The completed shipping totes are next conveyed to a
sequencing AS/RS on the first floor. This system has two
aisles, with the capacity to hold 1,280 totes until they are ready
to ship. At that time, they are released from the buffer in the
proper sequence to match the delivery routes of shipment
centers downstream, passing through a robotic system that
automatically places the totes onto wheeled trolleys. SKUs
picked as full cases that can ship in their original cartons are
loaded onto separate trolleys. The trolleys are then wheeled
onto trucks in the sequence determined by load planning
software. Some trucks will head directly to customers, while
others first go to a logistics consolidation center to be broken
down by delivery route.
MORE PRODUCTIVE WITH LESS LABOR
The automation design at Toho Holdings has met its goals.
The machines, along with the 130 associates working alongside them, are able to process 200,000 pieces a day with
near-perfect accuracy.
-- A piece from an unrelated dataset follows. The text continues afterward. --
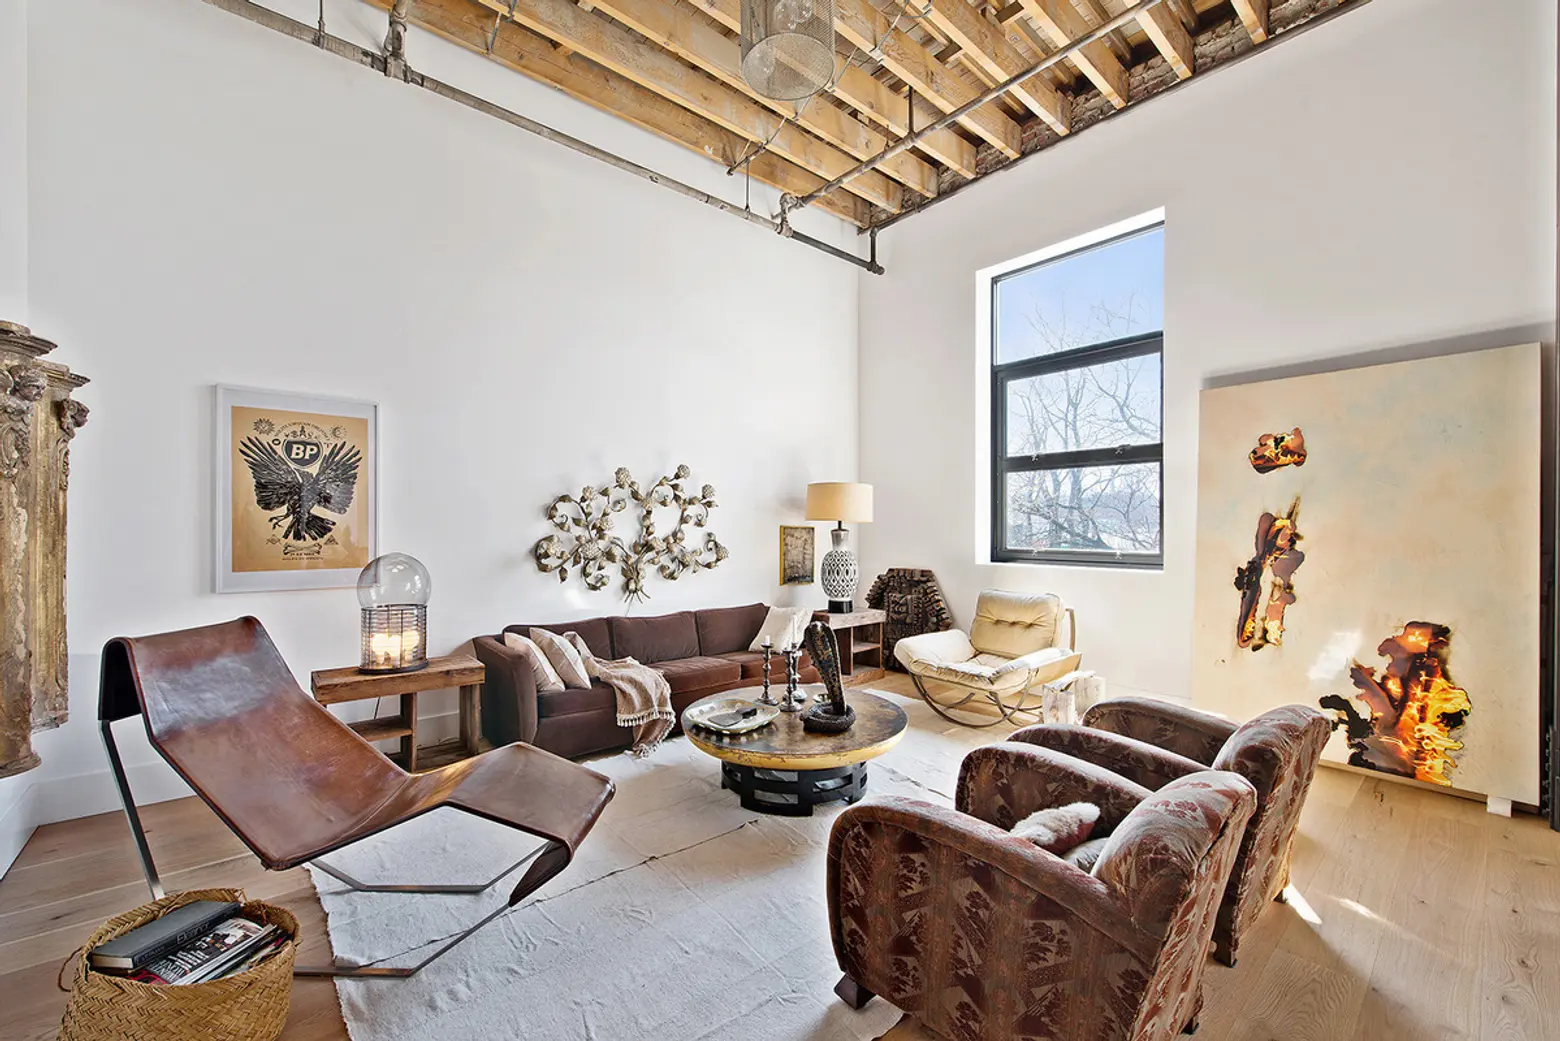 $1.8M Greenpoint Apartment Boasts Incredible 16-Foot High Exposed Ceilings

That amounts to about 30 billion
Japanese yen worth of product monthly, or about US$300
million at current exchange rates.
The automation has also markedly increased productivity.
TBC Saitama is 77 percent more productive than the company’s other logistics facilities, while using only half the amount
of labor, according to Toho’s executives.
But, of course, the main reason for the automation always
comes back to the quality of processing. “We want to make
sure that products going to patients are always accurate. That
is why we pursued automation. We always want to improve
our quality,” Morikubo says.
The design has been so successful that it will be replicated
for other DCs Toho will build in the future. A new facility in
Hiroshima is slated to open next year using most of the same
designs, with tweaks to improve upon TBC Saitama’s capabilities. In the next distribution facility, Morikubo says, Toho is
aiming to automate about 90 percent of its handling.
—Senior Editor Toby Gooley contributed to this article.